Reignite Professional Passion and Purpose Through Lifestyle Medicine

Reignite Professional Passion and Purpose Through Lifestyle Medicine

Written by Cate Collings, MD, DipABLM, FACLM
As originally published on Medscape.com 

Personal testimonies are powerful but research is beginning to back it up. Results of a recent survey published in the American Journal of Health Promotion found that the more lifestyle medicine that practitioners were able to incorporate into their medical practices, the less likely they were to experience burnout. The results "suggested that increased feelings of accomplishment due to improved patient outcomes and reduced depersonalization contribute to reduced burnout."

Other leaders in the lifestyle medicine community, like Liana Lianov, MD, MPH, approach physician well-being through the field of positive psychology and the emerging field of positive health. She is the founder of the Global Positive Health Institute, where the science of positive psychology and healthy lifestyles is applied by primary care and other specialists, including lifestyle medicine practitioners, across a spectrum of care delivery settings. ACLM has a member interest group and a special committee focused on happiness science and positive psychology.

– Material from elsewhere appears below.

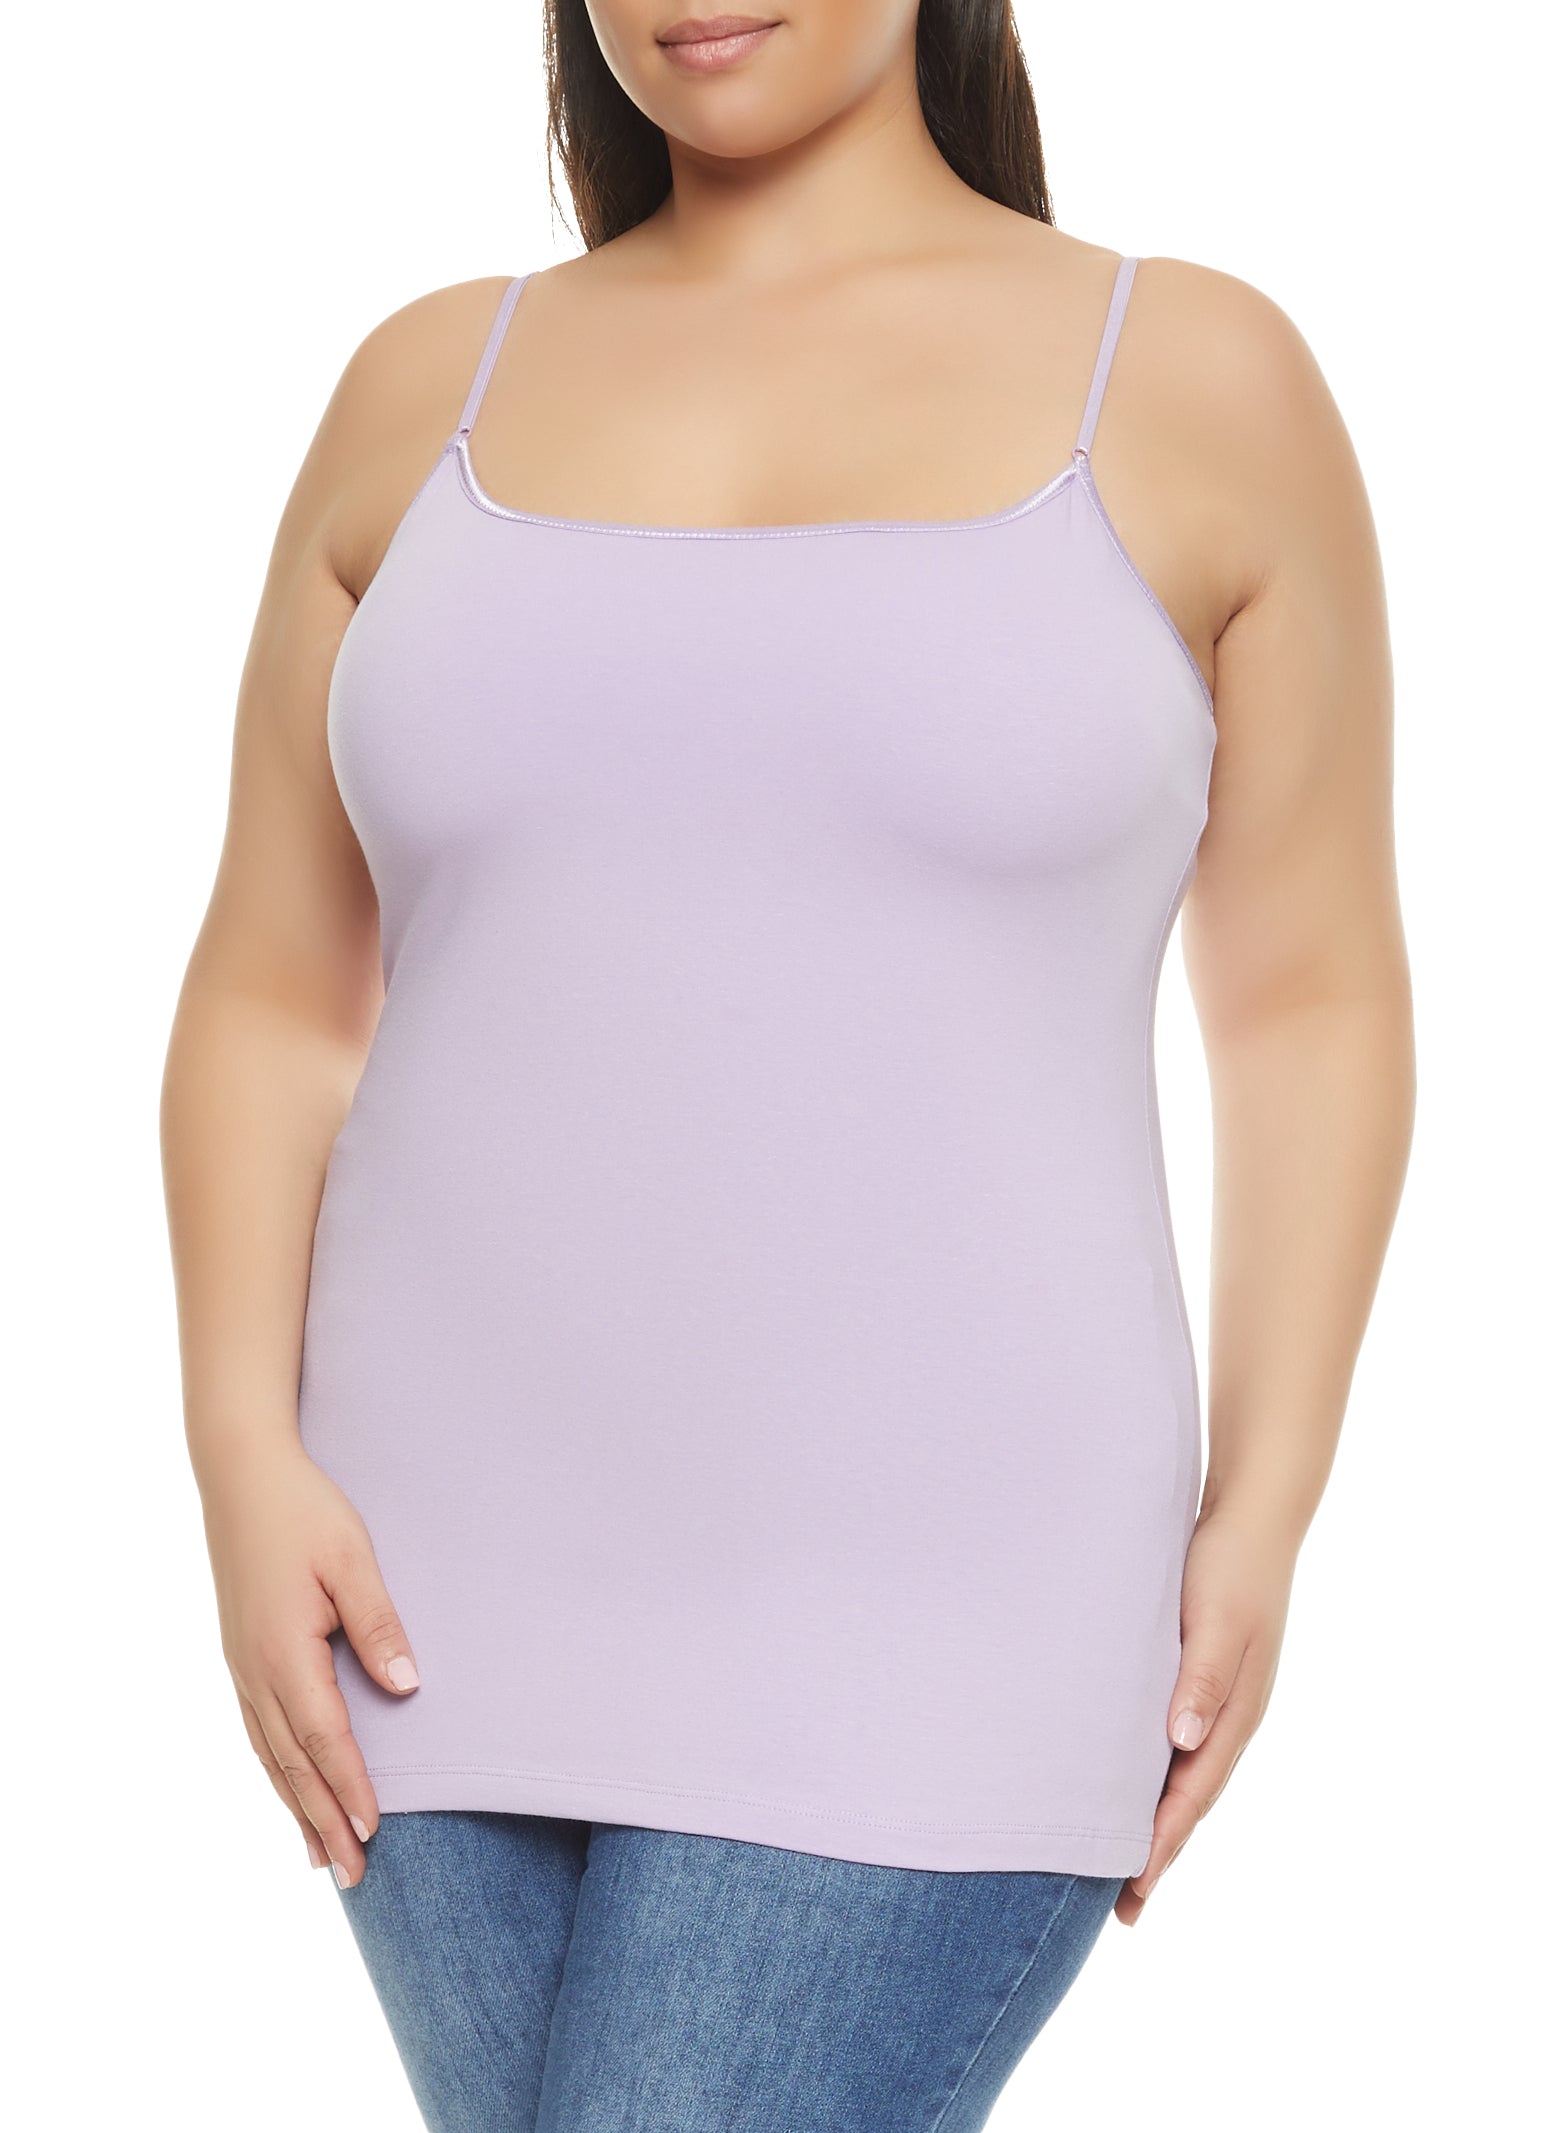 Plus Size Solid Built In Bra Cami

Lianov, who was also lead faculty on ACLM's "Physician & Health Professional Well-being" 5-hour CME/CNE/CPE/CE- accredited course, makes the point that while quality self-care is not consistently delineated in the health professional well-being literature, the lifestyle medicine community refers to a defined set of healthy lifestyle interventions. The types and intensity of interventions should be personalized because they depend on the clinician's circumstances, environment, background, prior experiences, culture, and personality. Well-being strategies that combine interventions based in the science of lifestyle medicine and positive health support growth and thriving in the face of — or sometimes even as a result of — the adversities we face. As Lianov puts it, "Clinician well-being is a journey, not a destination."

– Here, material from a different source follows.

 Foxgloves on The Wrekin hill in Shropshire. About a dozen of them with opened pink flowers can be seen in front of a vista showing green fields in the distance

To be sure, a lifestyle medicine–focused commitment to self-care does not resolve the system-level obstacles we face. It can, however, transform how we respond and cope with those frustrations, help us find deeper meaning in our work, and better shine our positive healing powers onto the patients we serve. ACLM's annual conference in October has a virtual attendance option that is an excellent opportunity for unfamiliar clinicians to dip a toe in the water and find out whether lifestyle medicine appeals to them. A post-conference virtual workshop will be offered on physician and health professional well-being and how you can lead workshops on this topic in your healthcare settings. Participating in these events could very well be the first step to rediscovering the joy and purpose too often missing from our profession.